Le 4 juillet, à l’issue de la réunion des sénateurs, il décidait de barrer la route à « Bougnaparte » – surnom donné à Laval par Marcel Déat. Son influence était grande au Sénat : il présidait le Groupe de la gauche démocratique, radicale et radicale-socialiste, soit cent quarante-six sénateurs sur un total de trois cent deux.

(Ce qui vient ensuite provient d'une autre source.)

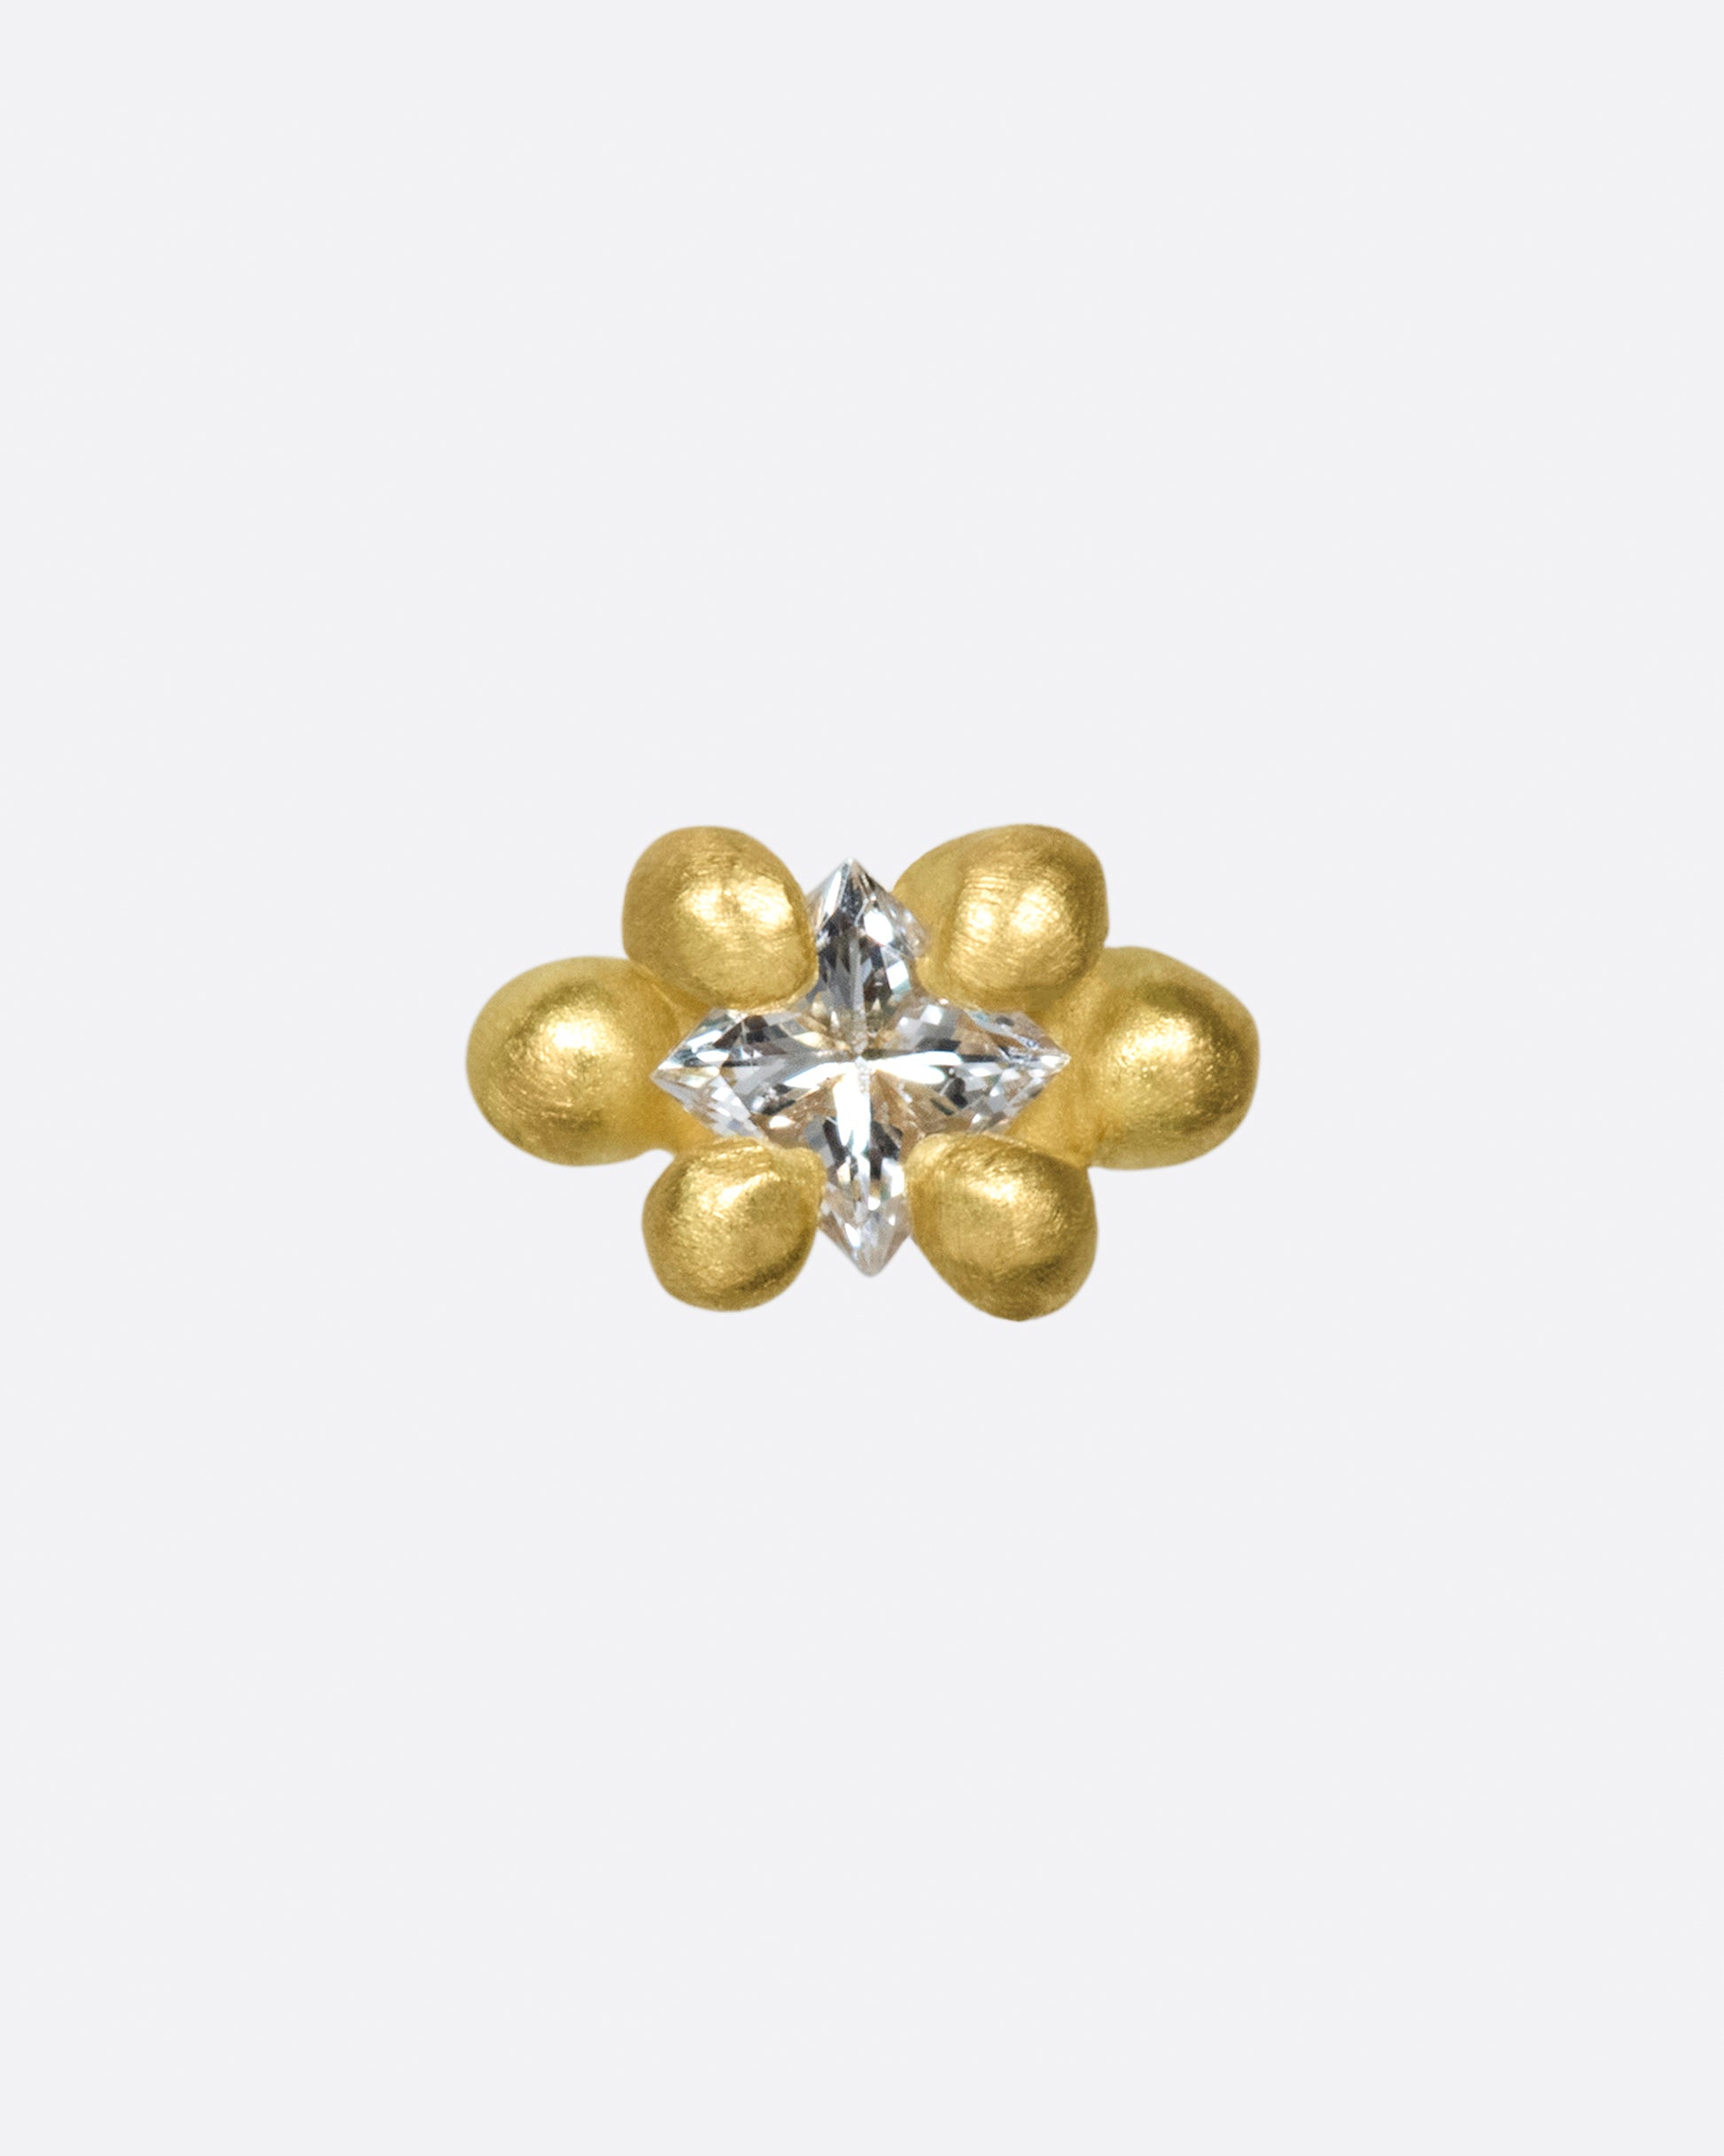 This solitaire stud's matte gold prongs make it more substantial, while remaining soft looking.

Que des pouvoirs très étendus soient conférés à Pétain pour gérer la situation créée par un armistice dont il avait pris la responsabilité, Paul-Boncour l’admettait et même le souhaitait : ainsi Pétain disposerait des moyens nécessaires pour gouverner au mieux des intérêts de la France jusqu’à sa libération, mais que ces pouvoirs servent à détruire les institutions républicaines et à établir un régime fasciste, c’était inadmissible. Ancien combattant, Paul-Boncour conservait de la vénération pour Pétain, malgré ce qu’il avait vu à Bordeaux. Il le dissociait encore de Laval, comme l’immense majorité des parlementaires: ainsi Léon Blum, instruit par ses amis des intentions de Laval, se demanda dans un premier temps comment «le « noble soldat» s’était laissé entraîner dans une équipée aussi misérable » 36 . Cette distinction entre les deux cerveaux de la conjuration de juillet 1940 n’a pas peu contribué à forger la légende d’un Pétain aux intentions pures victime des agissements du diabolique Laval. Or, en la circonstance, qui manipulait qui ?

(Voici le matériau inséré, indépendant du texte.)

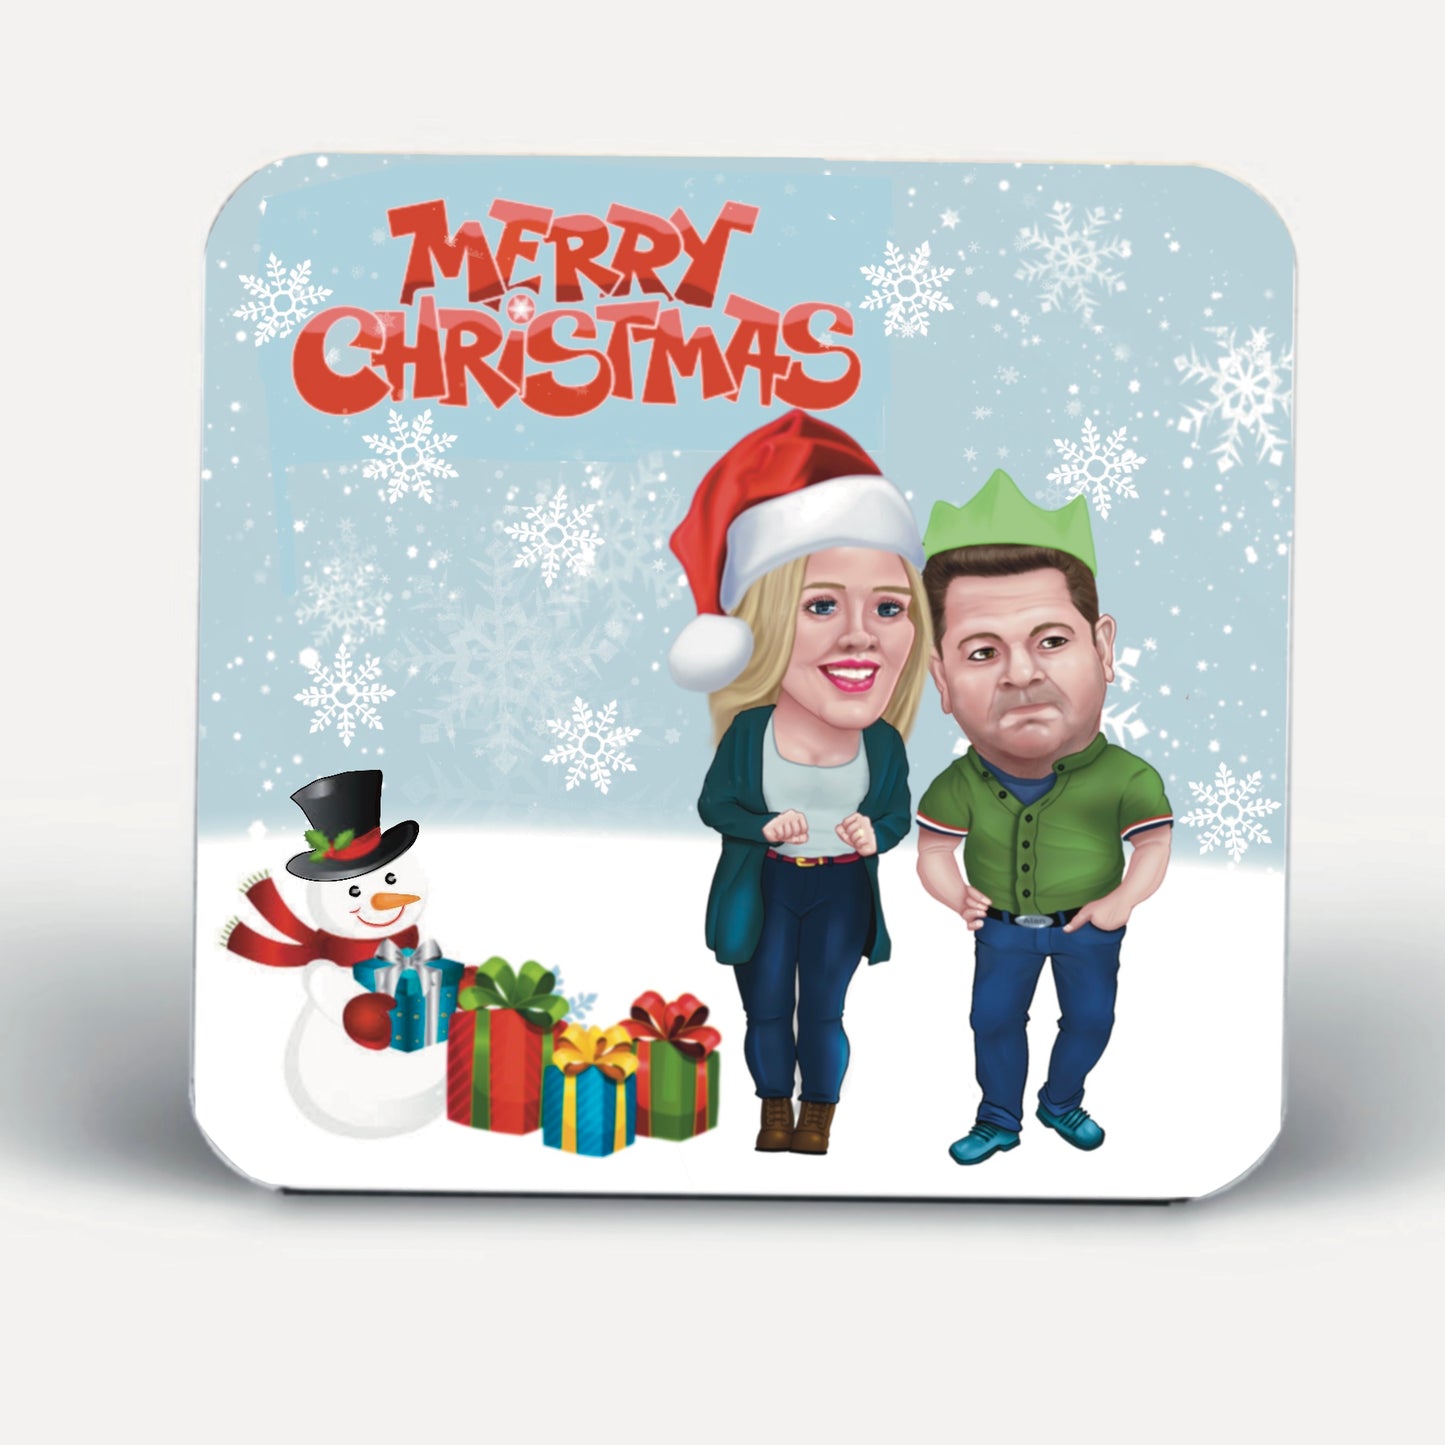 4 x Christmas two doors down inspired coasters-coasters

À l’initiative de Paul-Boncour, Jean Taurines réunit le groupe des sénateurs anciens combattants qu’il présidait. Cette formation très soudée pourrait, pensait-il, constituer « un élément de résistance et de relèvement » dans un temps de confusion générale et de dislocation des partis. Ses collègues partageaient son désir de maintenir le régime républicain et de juguler les ambitions trop évidentes de Laval. Mais avant d’entamer une action, ils voulaient connaître la pensée profonde du chef de l’État. On le disait mieux disposé envers les sénateurs, hommes d’âge mûr, pondérés et conservateurs, qu’envers la Chambre trop remuante. Un ancien combattant, ami personnel de l’officier d’ordonnance de Pétain, lui fit demander de recevoir une délégation du groupe.

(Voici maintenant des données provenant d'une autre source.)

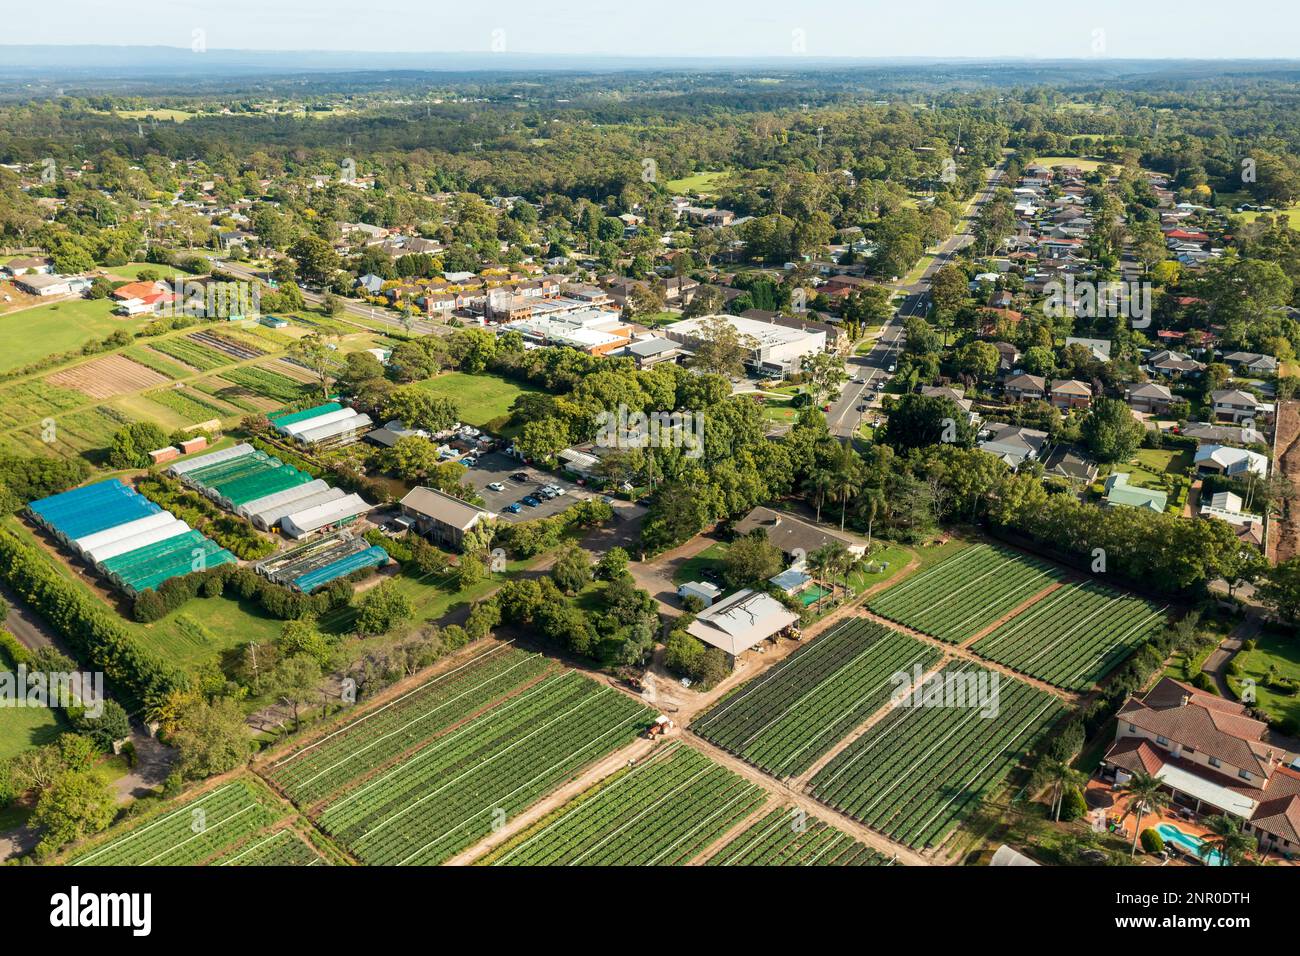 Aerial view of houses, shops and farms in the semi-rural outer Sydney township of Galston, NSW, Australia. Stock Photo

La grande force de Pétain, a dit Emmanuel Berl, « était de donner à tout interlocuteur qu’il voulait bien recevoir l’impression d’être frappé par ses conseils, très disposé à les suivre (...) Pétain se montrait différent avec chacun, mais tous ont cru que leur Pétain était le vrai » 37 . Son profil de médaille, son beau visage olympien, ses yeux bleu de mer, bleu de ciel, bleu horizon, bleu de France, et cetera, ont ébloui les hommes les plus intelligents. E. Herriot a écrit : « La qualité qui lui manquait le plus, c’était la franchise.